Pyrazine Formation from Saccharides and Alanine under Hydrothermal Conditions

Abstract

The reaction products, mechanisms, and kinetics of alanine reacting with saccharides (specifically cellobiose and glucose) under hydrothermal conditions (220–280 °C; 0.5–3 s) have been studied to understand the formation of nitrogen species in biofuels. The nitrogenous species found in the product mixture, including ammonia, ethylamine, and pyrazines, account for 50 to 75% of the total nitrogen balance. The carbonaceous products in the mixture are fructose, glyceraldehyde, dihydroxyacetone, formic acid, acetic acid, and furans. Our kinetic analysis shows that the nature of saccharides and amino acids plays an important role in the Maillard reaction rate. The Maillard reaction involving saccharides and amino acids with larger structures (such as cellobiose and alanine), proceeds more slowly than reactions involving simpler molecules (such as glucose and ammonium).

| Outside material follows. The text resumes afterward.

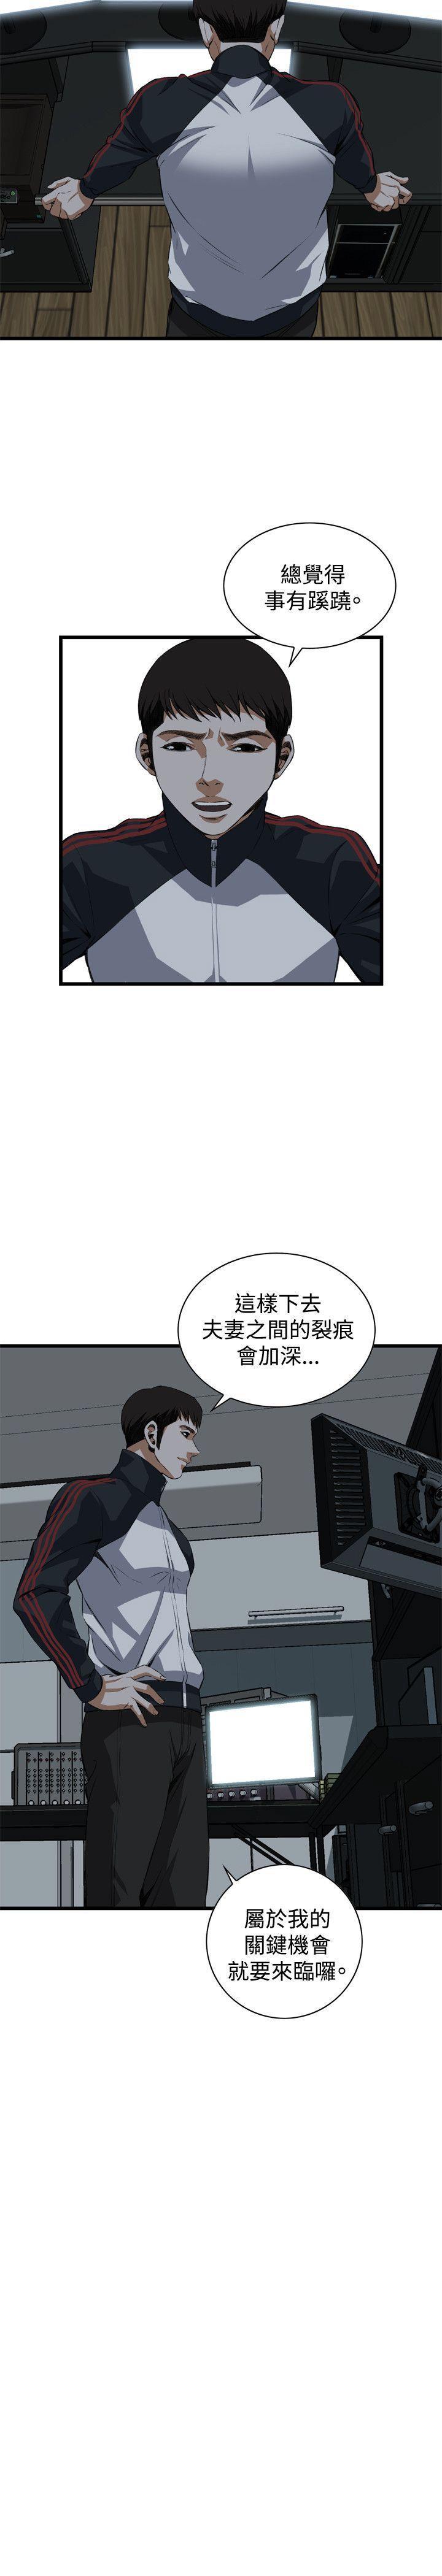 偷窥72-93 Chinese Rsiky 46
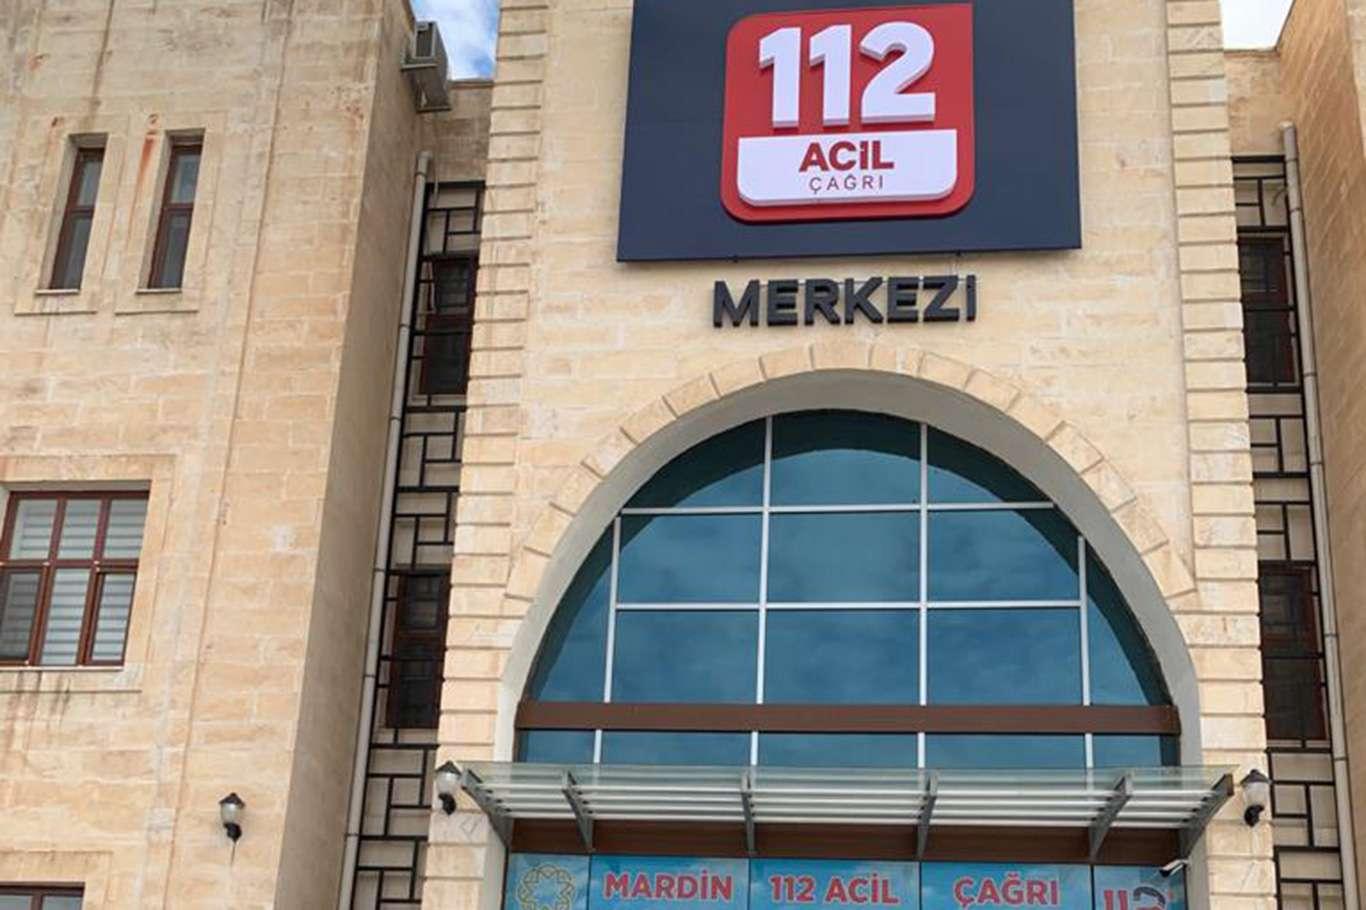 Mardinde 112 Acil hattına gelen çağrıların yüzde 86sı asılsız çıktı

For instance, at 280 °C, we deduce the rate constants of cellobiose–alanine and glucose–alanine = 0.011 and 0.035 s^–1 mM^–1, respectively. We proposed that when cellobiose and alanine are subjected to hydrothermal conditions, the primary pathway for pyrazine formation occurs as cellobiose decomposes into glucose, which then reacts with alanine following the Maillard reaction scheme.